We will use the filtered BAM files (all fragments) for this analysis.
Bonus Task
- Create a new directory named:
results/03_peak_calling/hmmratac_peaks. - Have a look at the HMMRATAC documentation for more details on the parameters used.
- This step can take a bit longer, while waiting you can move to the next section of the tutorial.
Solution
mkdir -p results/03_peak_calling/hmmratac_peaks
for sample_name in "${samples[@]}"; do
echo "Processing sample: $sample_name"
macs3 hmmratac -i $path_bams/${sample_name}.qc_bl_filt.sorted.bam -f BAMPE --name ${sample_name}_hmmratac --outdir $path_peaks/hmmratac_peaks/hmmratac_peaks_${sample_name}/
done
-i: input file (BAM file)-f BAMPE: input file format is BAM paired-end--outdir: output directory for peak files
3. Compare Peak Calling Results
Now let’s visualise and compare the different peak calling results using the Integrative Genomics Viewer (IGV) to understand how each method performs.
Task 5: Load traks into IGV
For Cerebrum_rep1 sample, download and load the following files in IGV:
Peak Files:
- MACS3 NF peaks:
results/03_peak_calling/NF_peaks/NF_peaks_Cerebrum_rep1/Cerebrum_rep1_NF_peaks.narrowPeak - MACS3 all peaks:
results/03_peak_calling/all_peaks/all_peaks_Cerebrum_rep1/Cerebrum_rep1_all_peaks.narrowPeak - HMMRATAC peaks:
results/03_peak_calling/hmmratac_peaks/hmmratac_peaks_Cerebrum_rep1/Cerebrum_rep1_hmmratac_accessible_regions.narrowPeak(if you completed the bonus task, if you didn’t and you are curious, you will find the files in/data/Solutions/)

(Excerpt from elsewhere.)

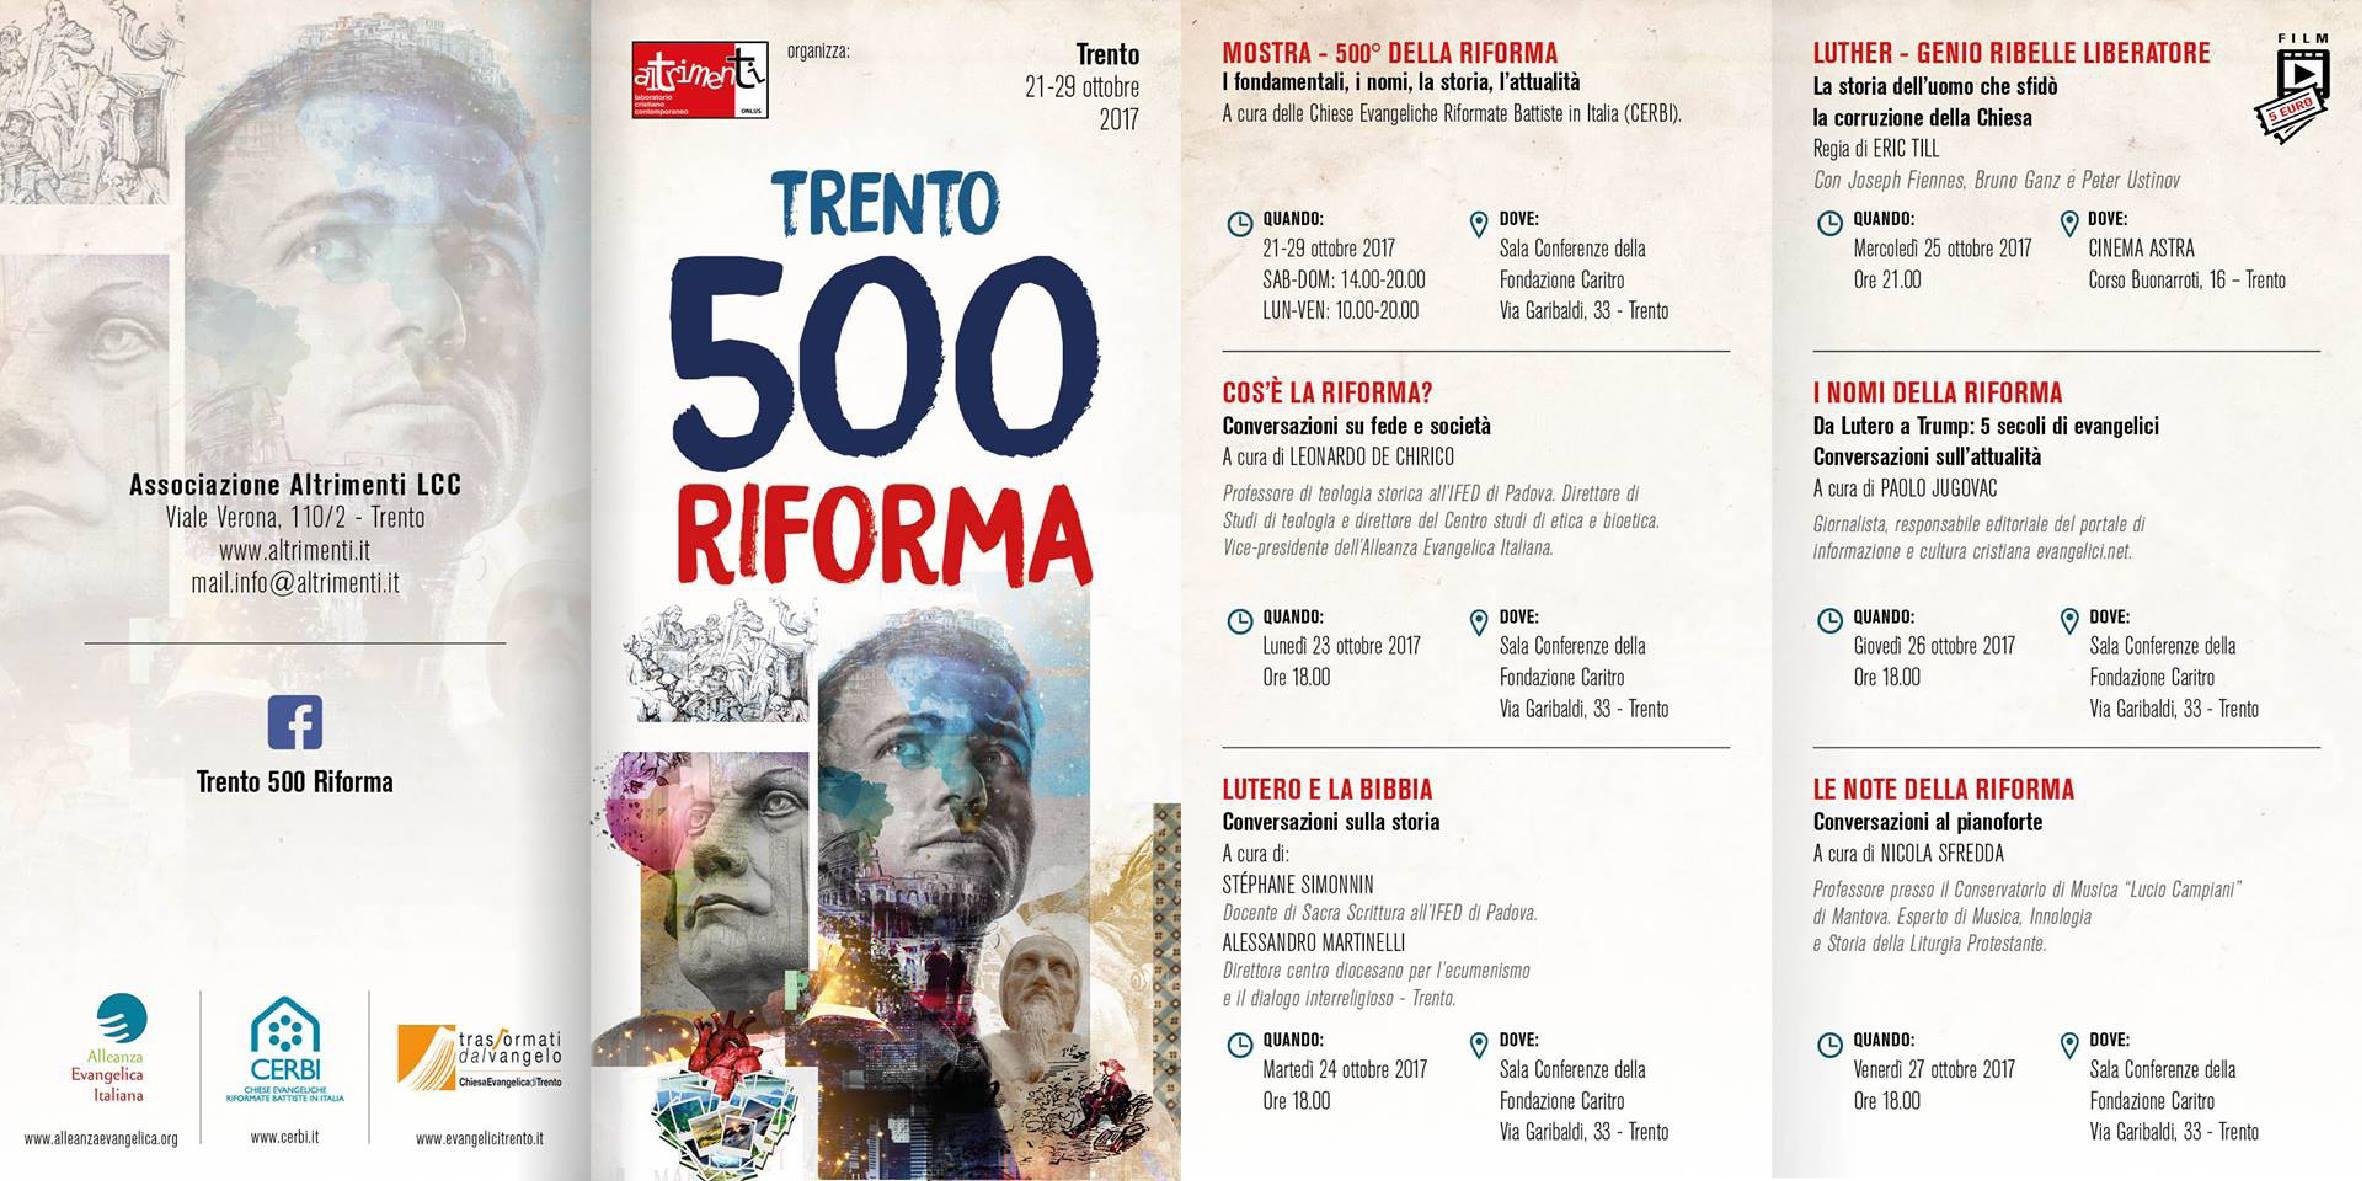 Riforma 500

BAM Files for Read Coverage:
- All fragments BAM:
results/01_filtered_bams/Cerebrum_rep1.qc_bl_filt.sorted.bam - Nucleosome-free fragments BAM:
results/01_filtered_bams/NF_bams/Cerebrum_rep1_NF.sorted.bam
Task 6: Compare results
- Do you observe big differences between methods?
- Which method would work better to study TF binding sites? and for DA analysis?
- Can you find an example of a gene where the nucleosomal pattern at TSS can be percieved?